Andrew Reason explains how his invention, the Reason washing machine works
An architect has developed a more eco-friendly washing machine which he hopes to sell around the world.
Andrew Reason and his team in Pembrokeshire say their washing machine cleans clothes using less energy and water, and is easy to load.
Reason washing machines currently employs 11 people but is due to expand when full production starts next year.
Mr Reason decided to invent an easy-loading washing machine after injuring his back while playing rugby.
"One day I saw an article in one of the Sunday supplements from a major retailer saying it asked 40,000 people what they wanted from a washing machine," he said.
"At the top of the list was a larger door for easier loading and unloading."

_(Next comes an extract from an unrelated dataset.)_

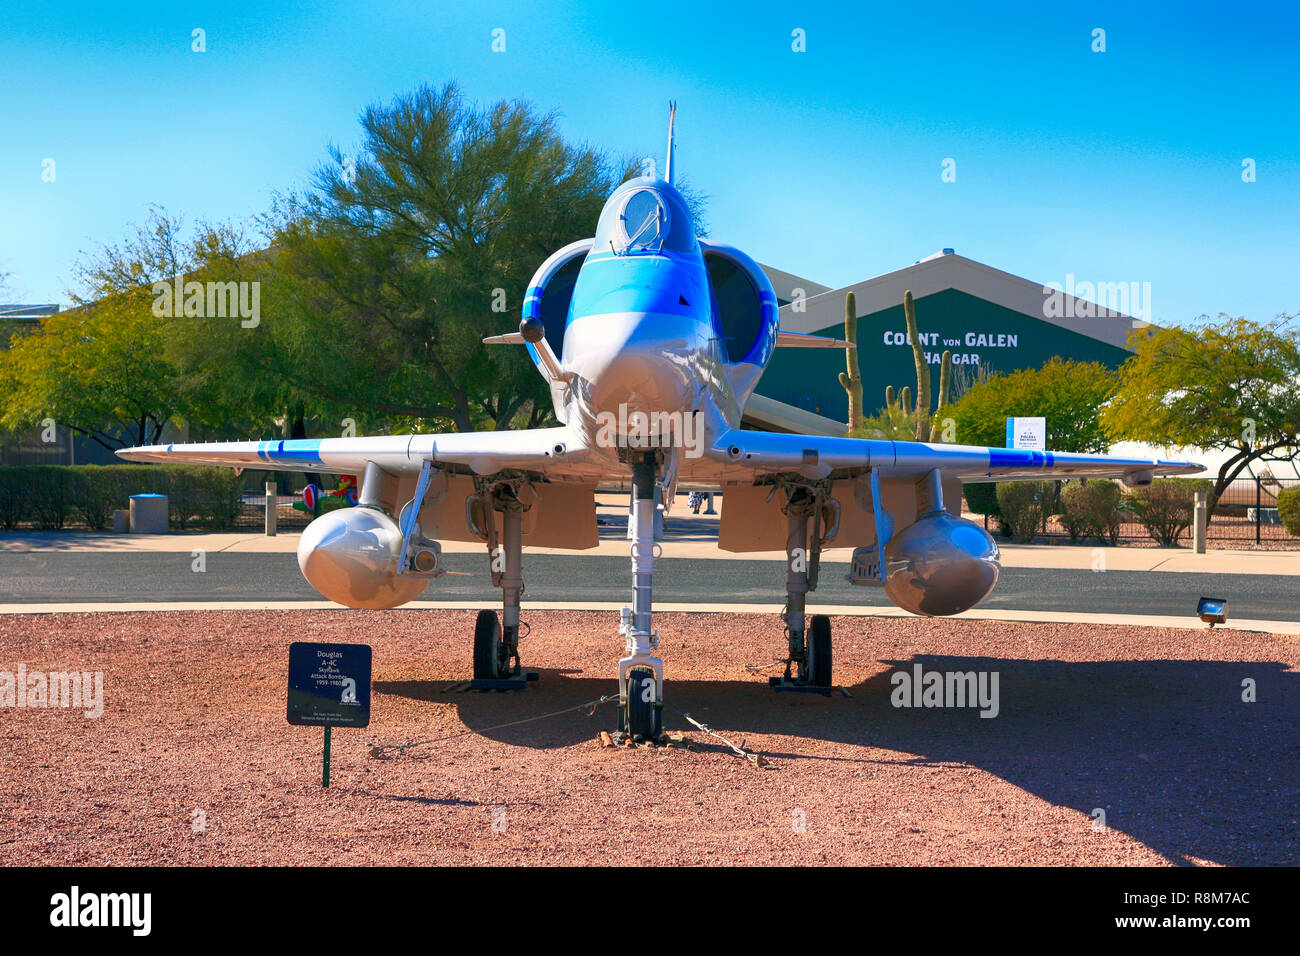 Douglas A4C Skyhawk fighter jet plane at the entrance to the Pima Air & Space Museum in Tucson, Arizona Stock Photo

It's about people coming to work and having a shared dream
Mr Reason started sketching plans and came up with a drum which slides out when you open the washing machine door to allow easy access.
"I had already spoken to most of the major manufacturers and they said it was a great concept but we don't really want it now," he said.
"As far as I was concerned, that was enough for me to think that it was really, really good."
As the idea developed, "green" features were added such as automatically weighing the washing to dispense exactly the right amount of water and detergent.
And instead of a concrete base, water acts as ballast and is used for the wash itself.
The machines are hand-made in Haverfordwest and are aimed at the premium end of the market with a cost of around £1,200.
The first 200 are being auctioned on the internet but the company aims to build 100,000 more by the end of next year.
A production line is being set up to meet demand which is expected to employ around 150 people.
Mr Reason said Pembrokeshire had inspired his team and would "continue to do so".
"The fact that we're making it here and keeping it here is a driving force for me because this is where I live, it's my home, it's where my colleagues live," he said.
"It's about people coming to work and having a shared dream.
"We know that [with] anything that goes out of this factory, we know how it's being made, how it's being assembled."
Washing machine production in Wales has suffered two major blows this year with the loss of production at the Hoover plant in Merthyr Tydfil and the planned closure of the Indesit factory in Bodelwyddan, Denbighshire.